What to do - Only one part of the listing is needed: the lines from the one with "Blippi Boys Underwear" through the last line, copied exactly and free of pictures.
═════ Data segment ═════
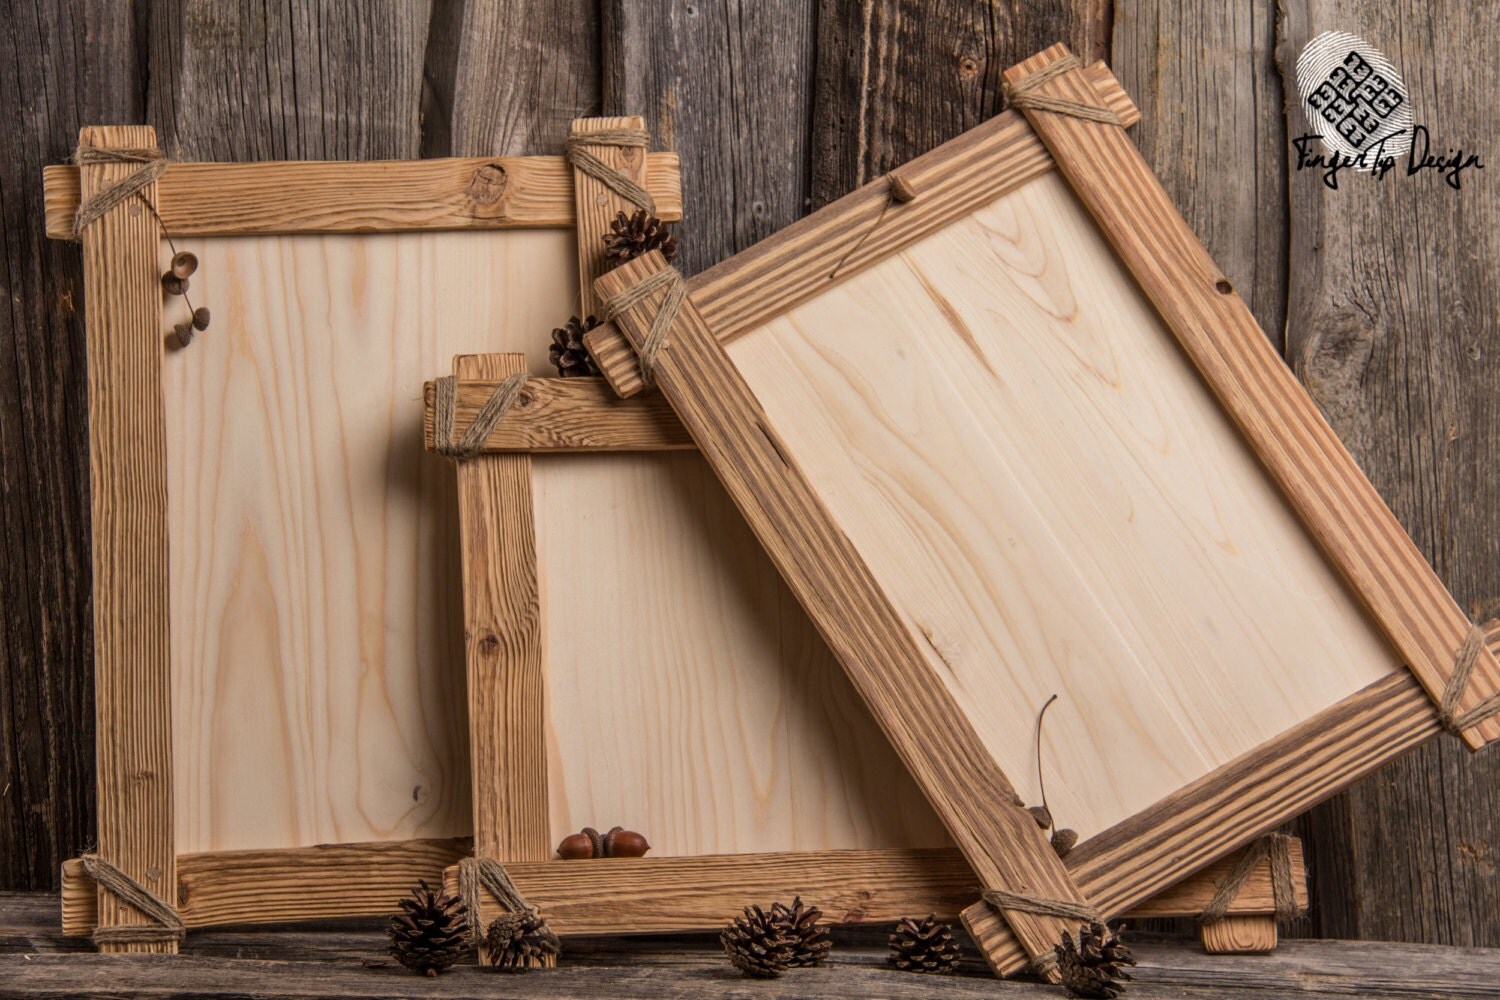 Оригинальные рамки из дерева. Деревянная рамка. Деревянные рамки для фотографий. Дизайнерские фоторамки из дерева. Изготовление деревянных рамок
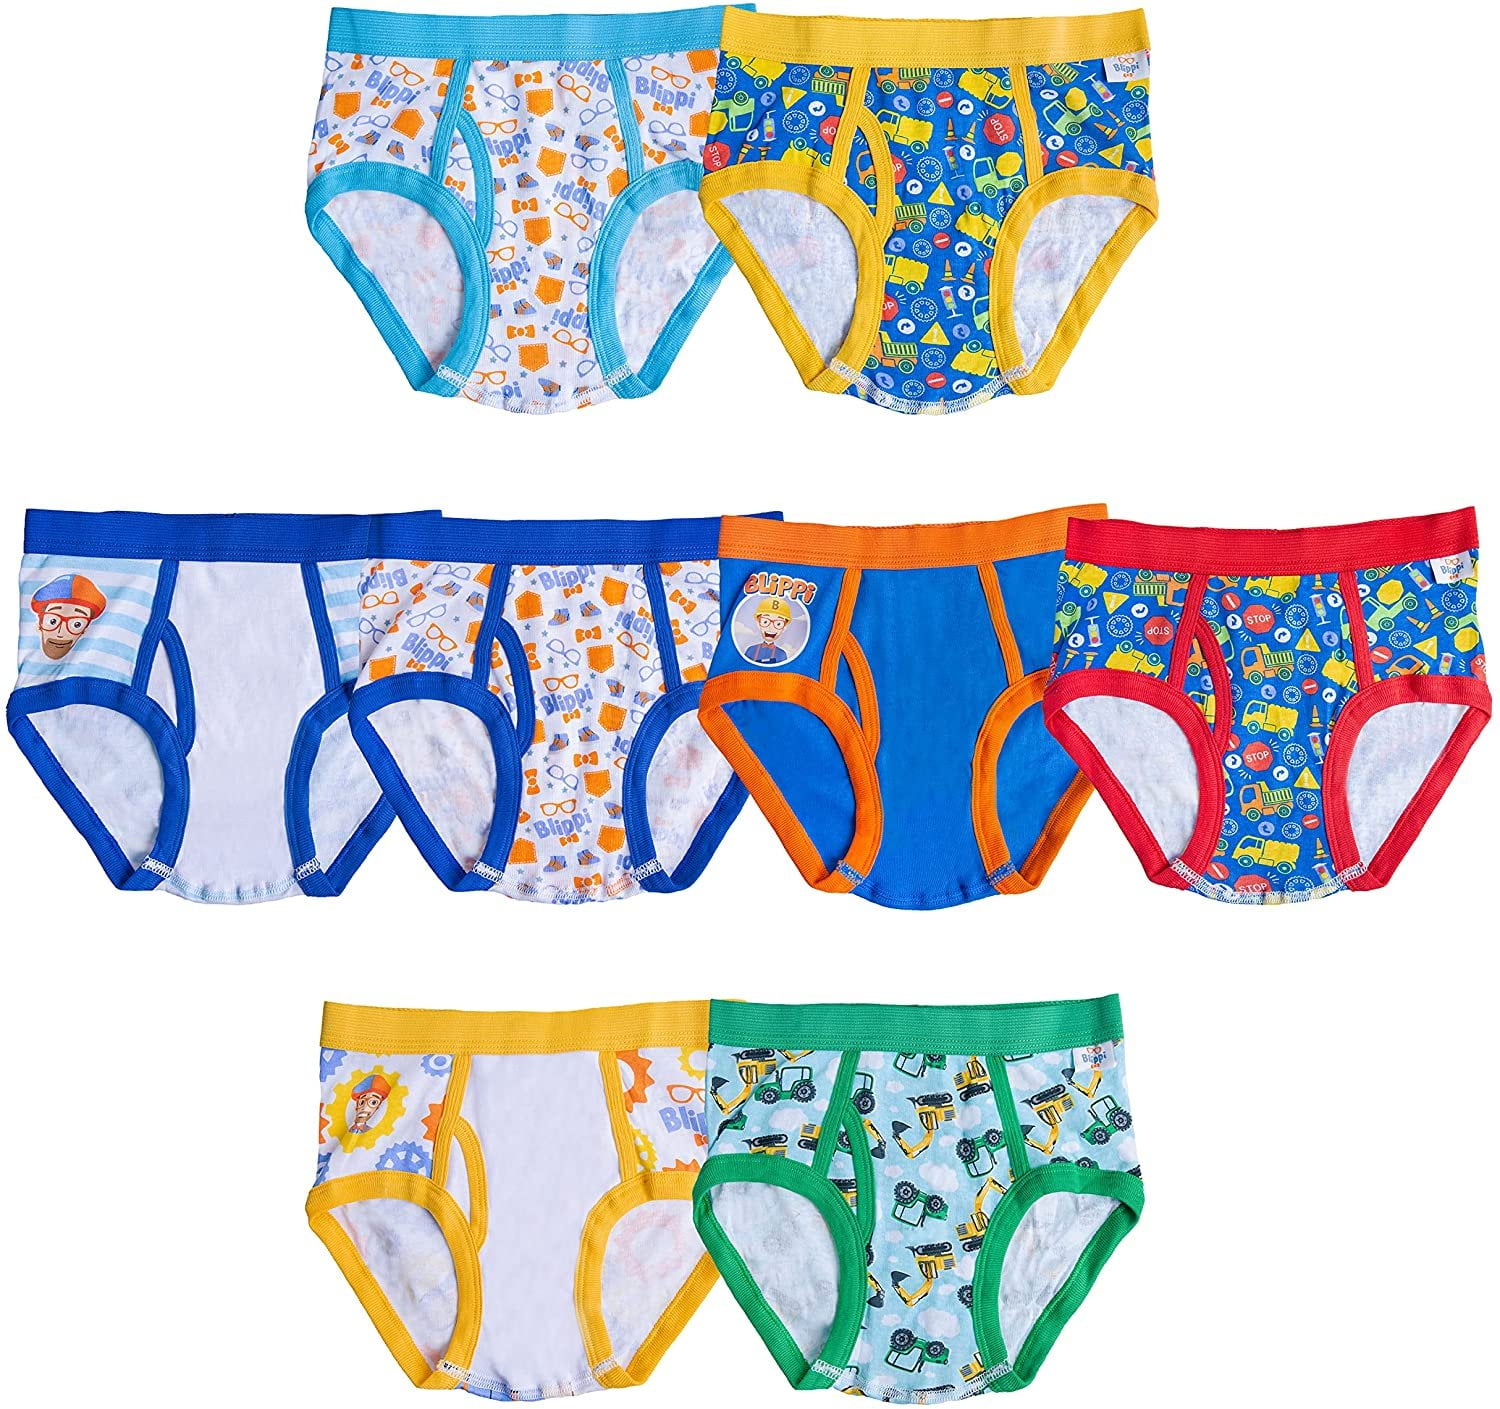 Blippi Boys Underwear - 8-Pack Cotton Toddler/Little Kid/Big Kid Size ...
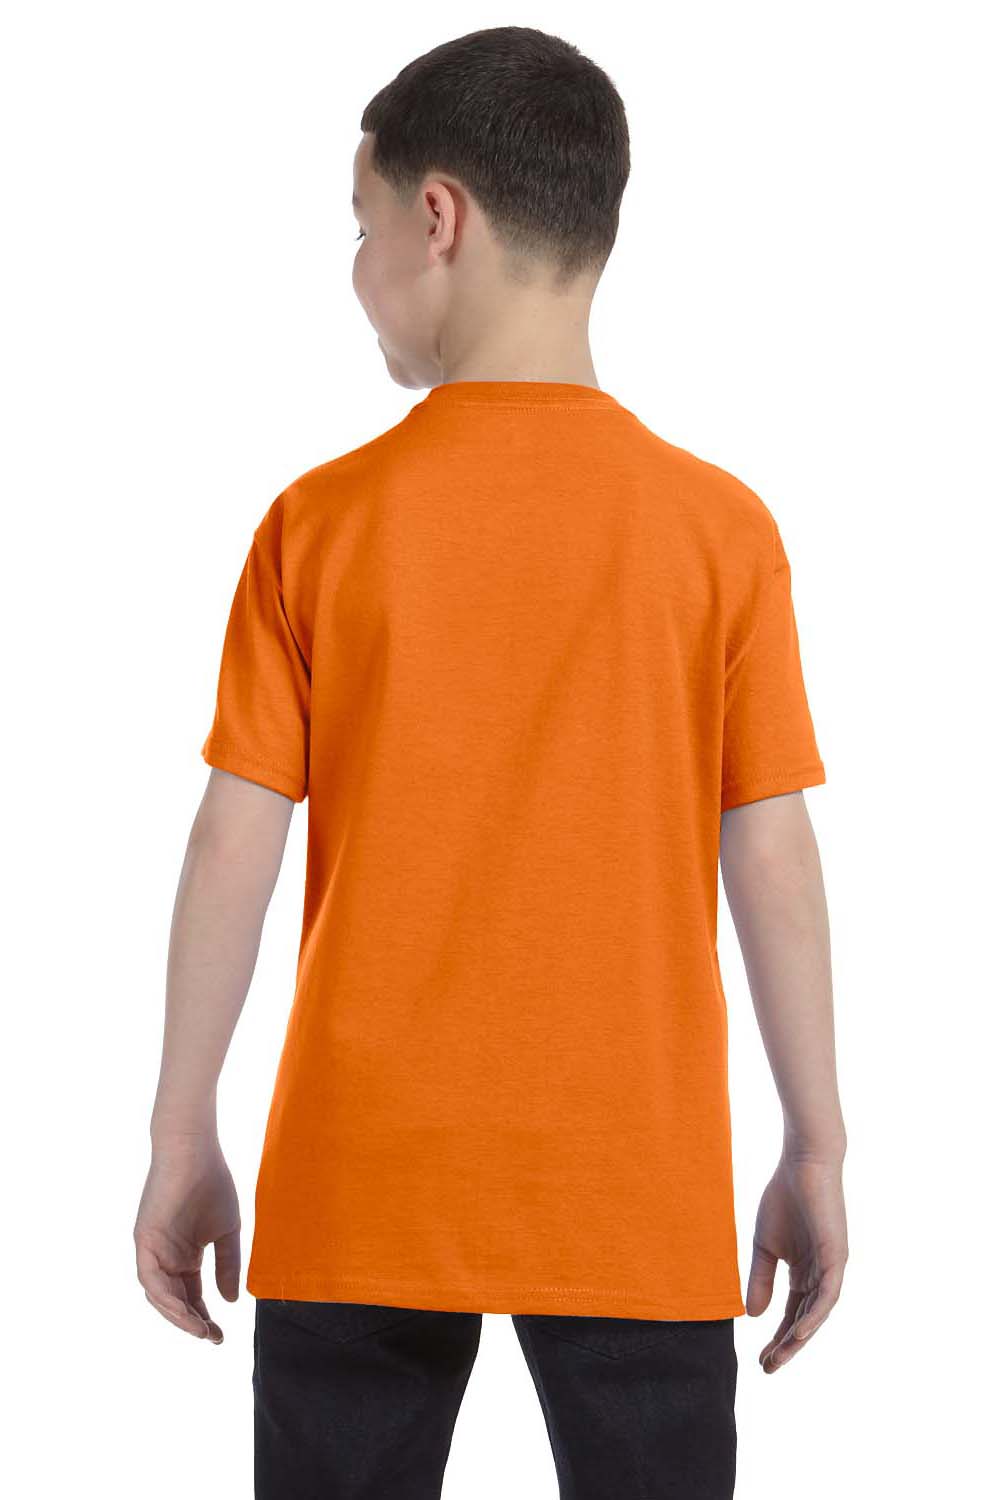 Hanes 54500 Youth ComfortSoft Short Sleeve Crewneck T-Shirt Orange Back
═════
Answer to the exercise -
 Blippi Boys Underwear - 8-Pack Cotton Toddler/Little Kid/Big Kid Size ...
 Hanes 54500 Youth ComfortSoft Short Sleeve Crewneck T-Shirt Orange Back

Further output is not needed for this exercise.